Читать «Театральные портреты» онлайн - страница 18

Александр Рафаилович Кугель

Для Кугеля велики и бессмертны те драматурги, которые в своем творчестве руководились законами театра. Все в нем предназначено для актера. Это понимали Шекспир, великие испанцы, Мольер, Шиллер, Островский.

Кугеля восхищает «театральность» Островского. Он обнаруживает ее в том, что почти в каждом произведении автора «Леса» и «Бесприданницы» есть четкая градация «черного» и «белого». Благодаря этому создается столь нужная искусству сцены высокая конфликтность, которая и является мощным динамическим толчком для спектакля.

«В театр, — заявляет Кугель, — публика ходит затем, чтобы получить рельефное, пластическое впечатление, чтобы ей было либо тепло, либо холодно, и потому от театра она требует, она не может не требовать, известного нравственного догматизма. Собственно, уже в этом заключается вопрос сценического движения. В противоположность “неподвижности”, проистекающей от того, что нити добра и зла не разобщены, не выделены, а составляют какую-то общую нить жизни, сценическое движение состоит в постоянном контакте двух полюсов заряженного электричества, двух проводов, по которым вечно идут враждебные, взаимно отталкивающие силы».

{31} Снова следует подчеркнуть, что отстаивание подобных взглядов происходило в пору, когда намечалась тенденция к расшатыванию устоев театра представителями антиреалистических направлений, в пору, когда марксистская мысль об искусстве сцены лишь зарождалась. В этих условиях суждения Кугеля об основах театра были, конечно, особенно важны и нужны.

Напоминаю, что аргументация Кугеля обострена, доведена до отказа, так как разговор ведется по преимуществу в сфере полемики. Но основные вехи общих концепций критика остаются такими, какими они сформулированы здесь.

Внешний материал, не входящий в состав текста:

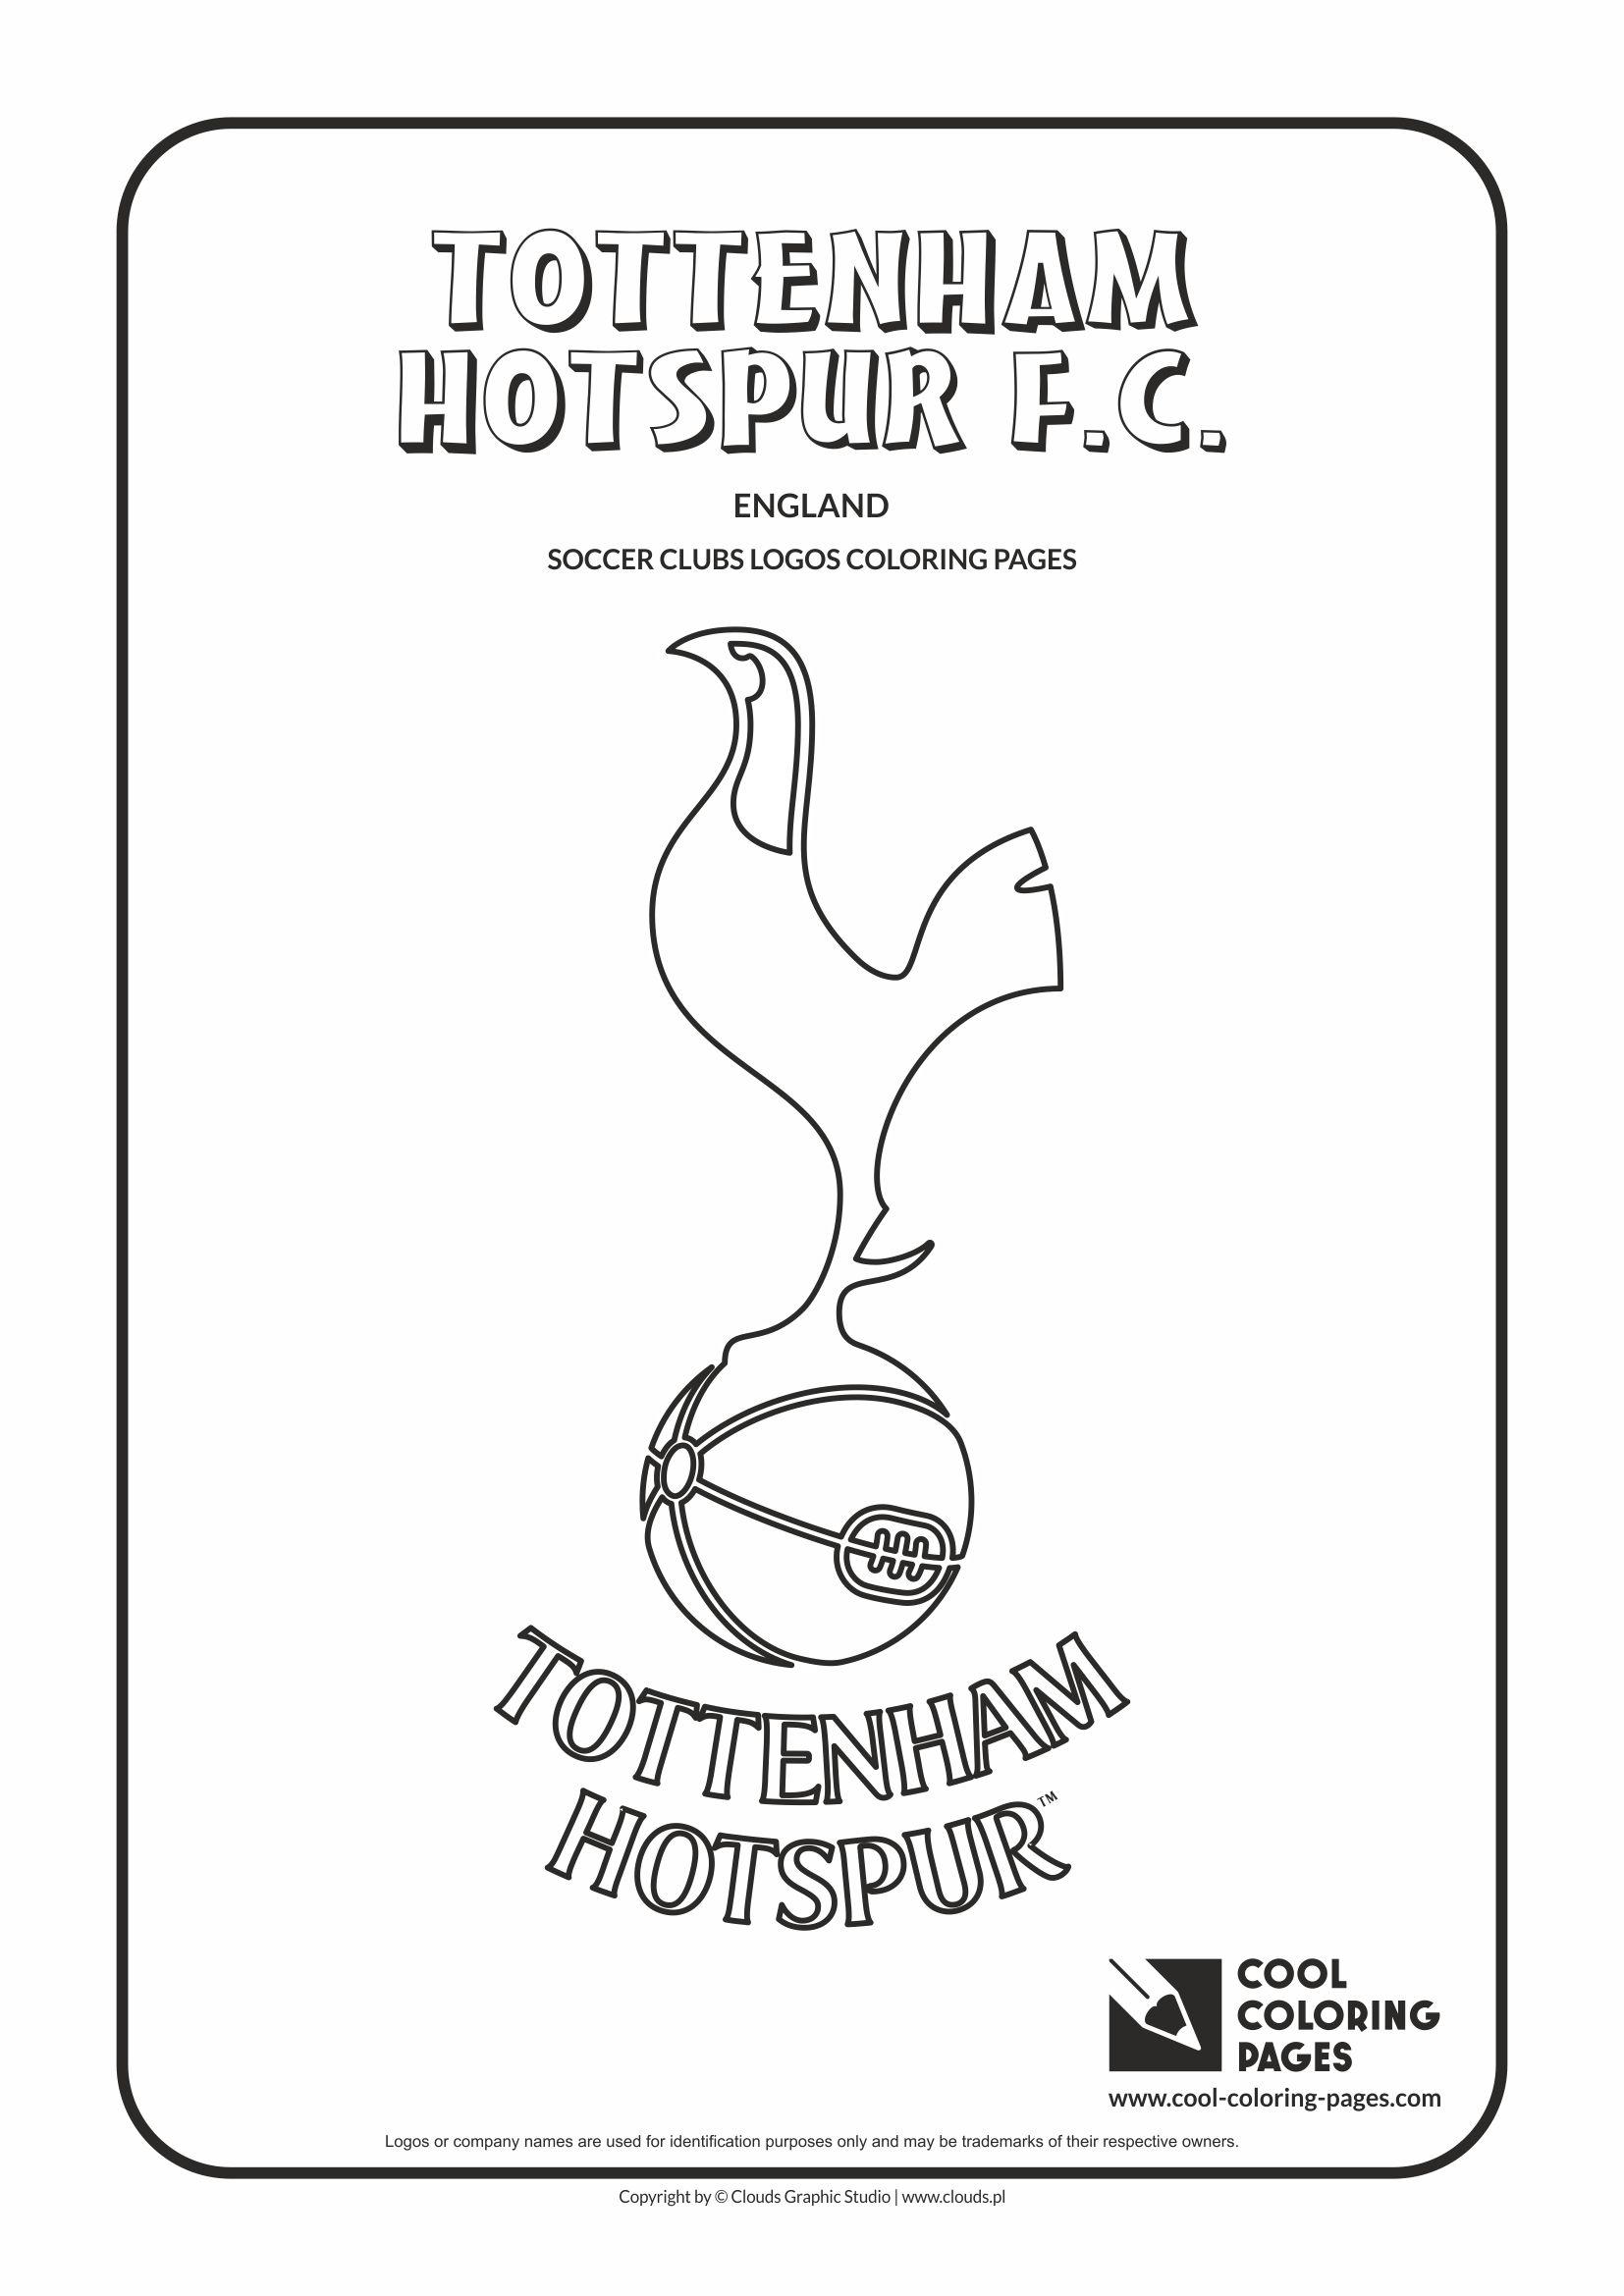 Cool Coloring Pages Tottenham Hotspur F.C. logo coloring

Драма — адресуется сцене, драма — подчинена законам театра. А «законы театра суть законы актера».

Поиски театральности, идущей от «законов театра», которые Кугель ищет в истории сценического искусства, в его коренных традициях, побуждают его сказать свое слово об отношении «литературы» и театра. Если одни его антагонисты полагали, что беда театра состоит в том, что он «порабощен» литературой, если другие (Ю. Айхенвальд), со своей стороны, считали, что театр лишь помеха литературе, то Кугель придерживается своей, отчасти средней позиции.

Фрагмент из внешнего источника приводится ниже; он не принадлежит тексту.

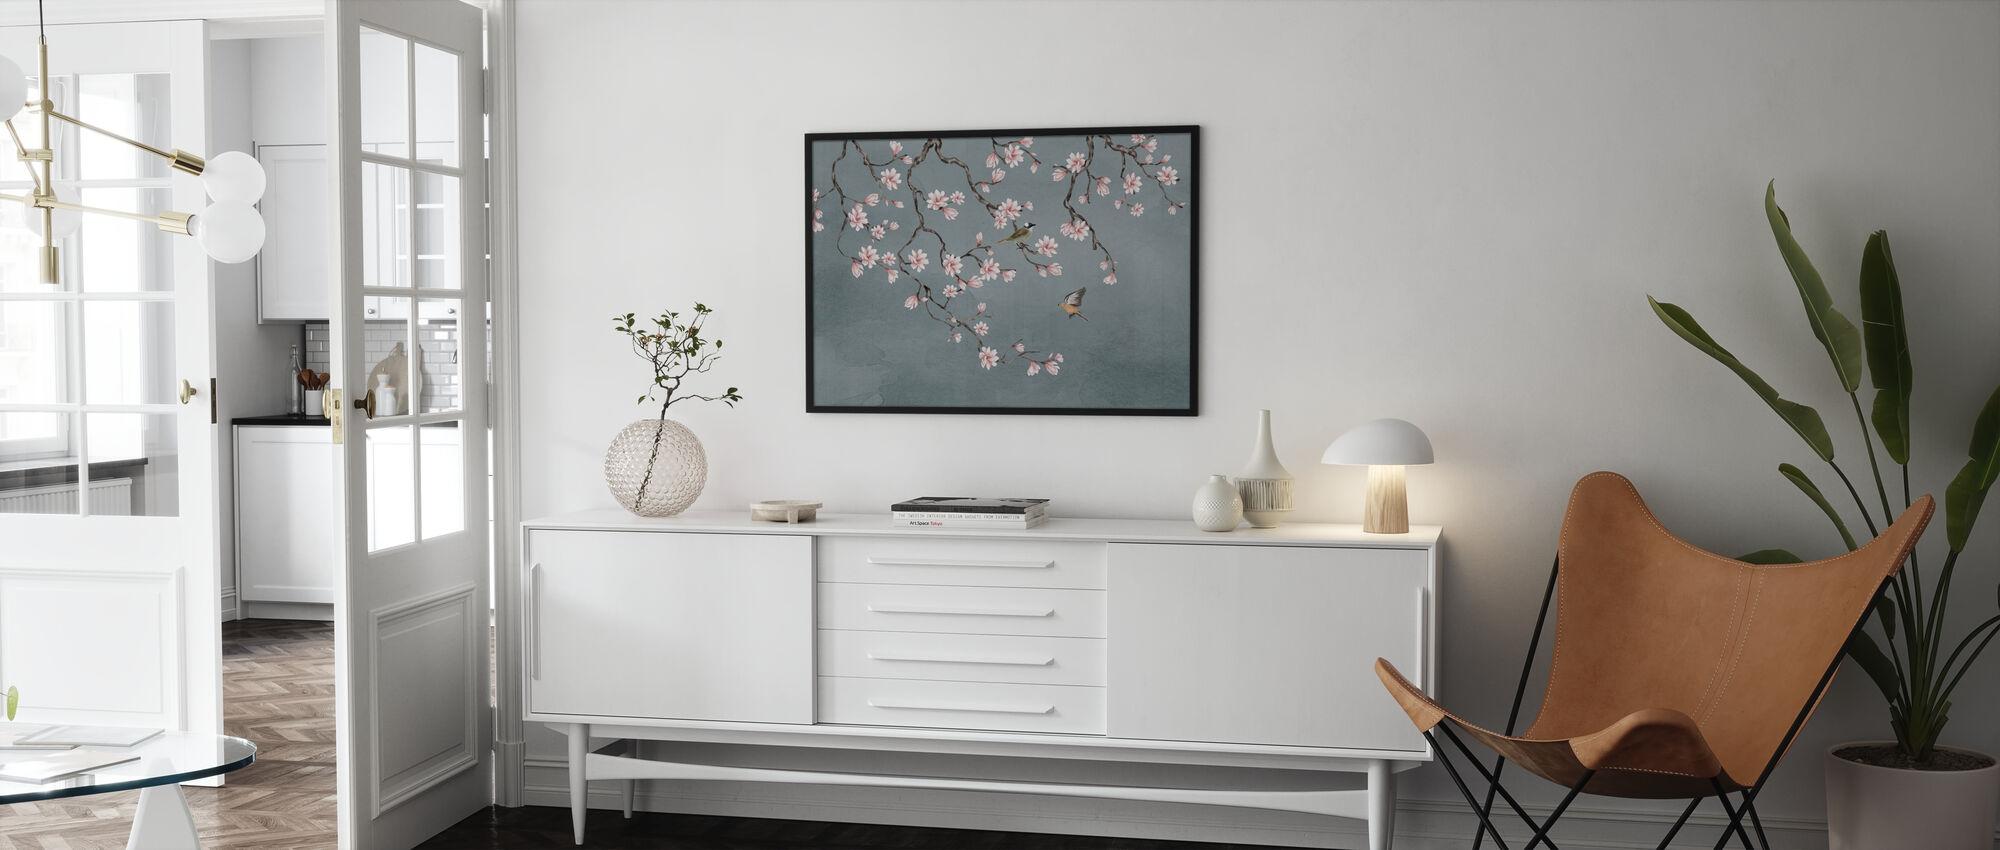 Birds Meeting Place - Framed print - Living Room

Он считает, что театру нужна та литература, та драма, которая в своем существе и в структурных элементах исходит от театра, понимает его задачи, подчинена его природе. Мы видели, что в понятие желанной, поистине сценической драмы он включает все лучшее, что создано мировой драматургией. Его пиетет к ней очень высок. Но критик убежден, что далеко не вся литература — на пользу сцене.

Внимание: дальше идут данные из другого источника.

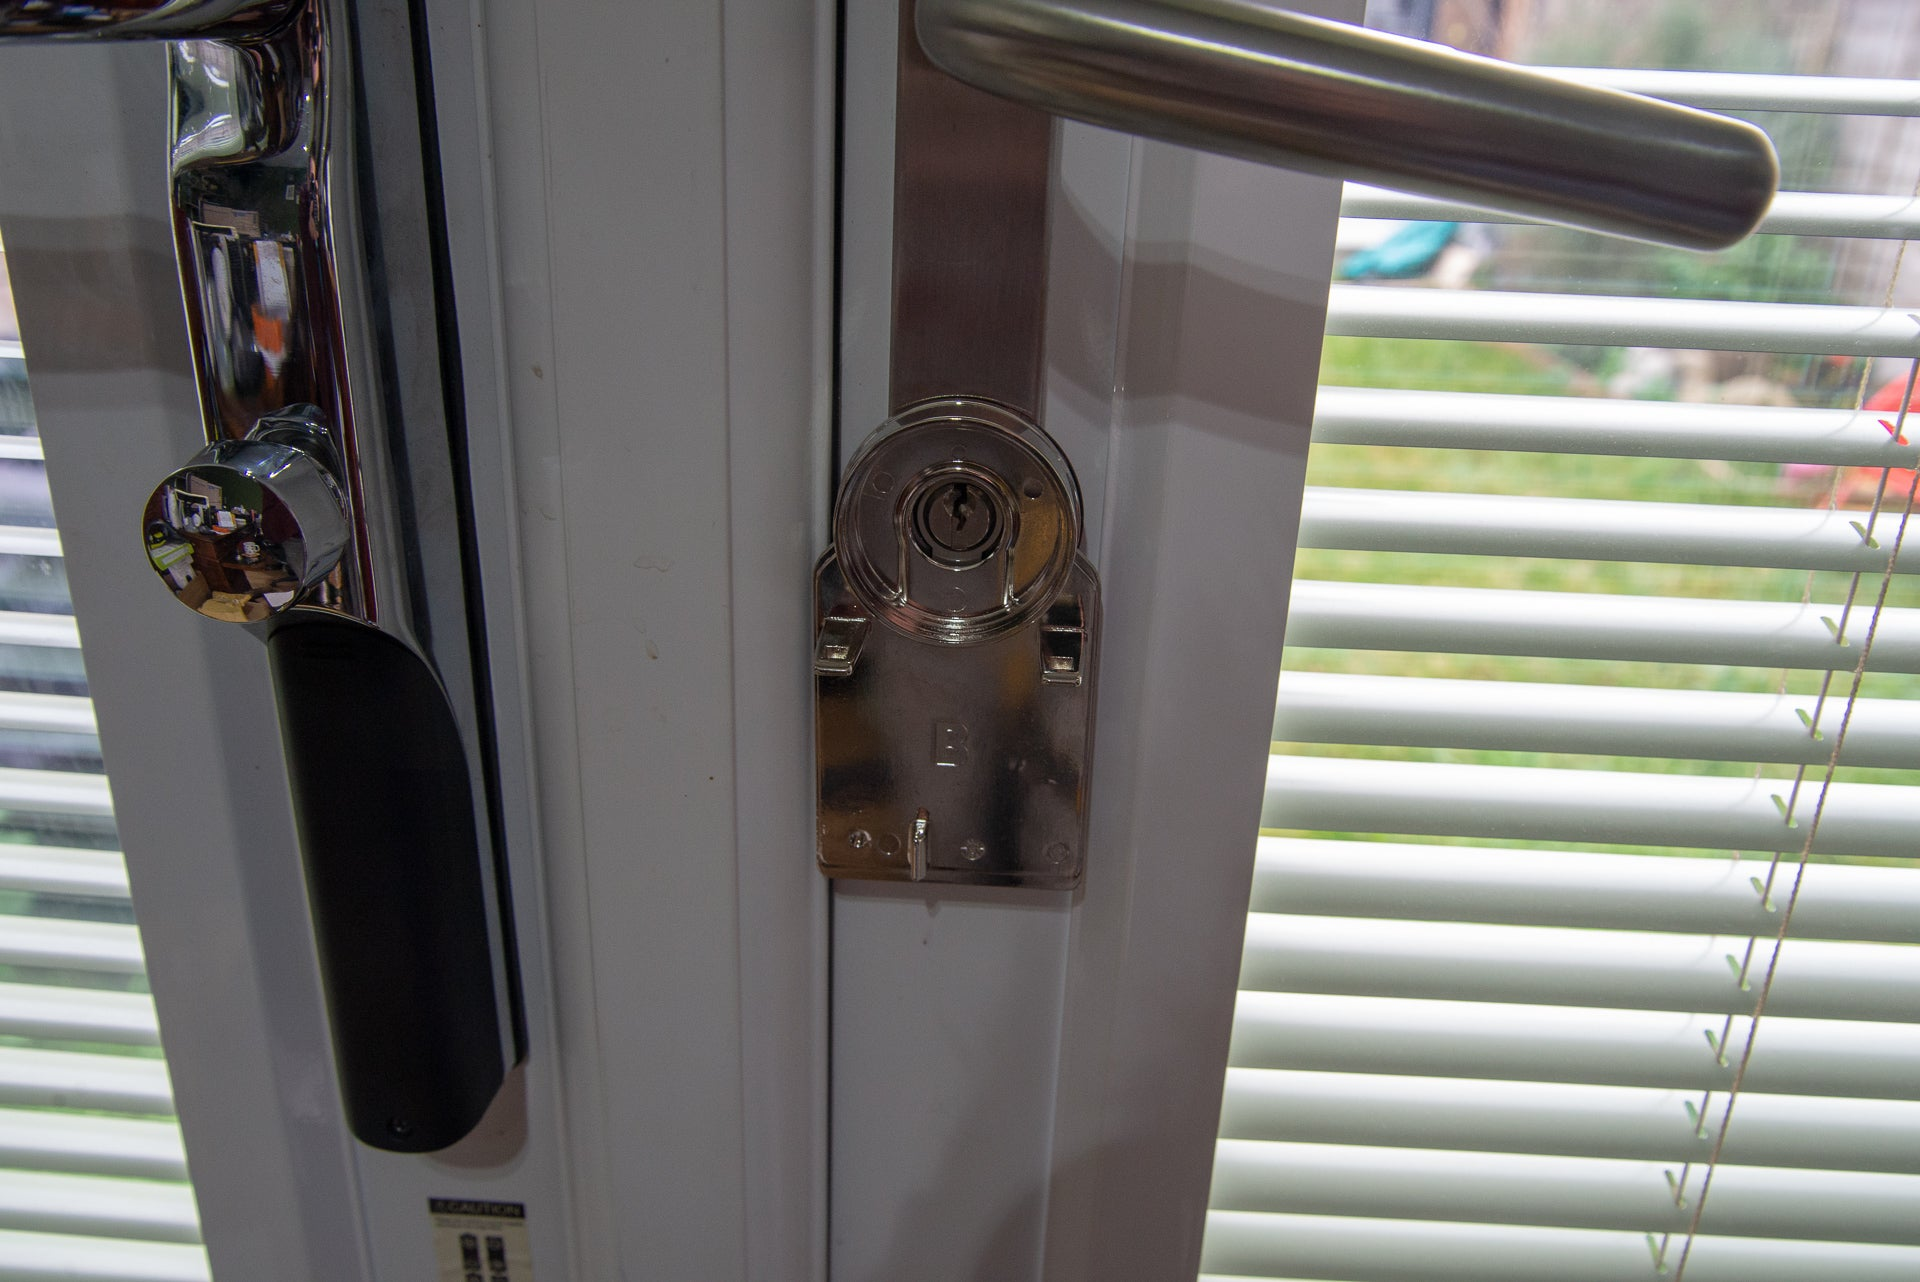 Nuki Smart Lock 2.0 mounting plate

Он отвергает то, что противоречит «законам театра», как он их понимает. Он с ревностью традиционалиста отстаивает «театральность» драмы, в своем ограниченном понимании, и отвергает то, что не укладывается на это ложе, подчас становящееся прокрустовым, то, что не вмещается в рамки сценичности, какими он отгораживает театр от некоторых новых для него течений в драматургии.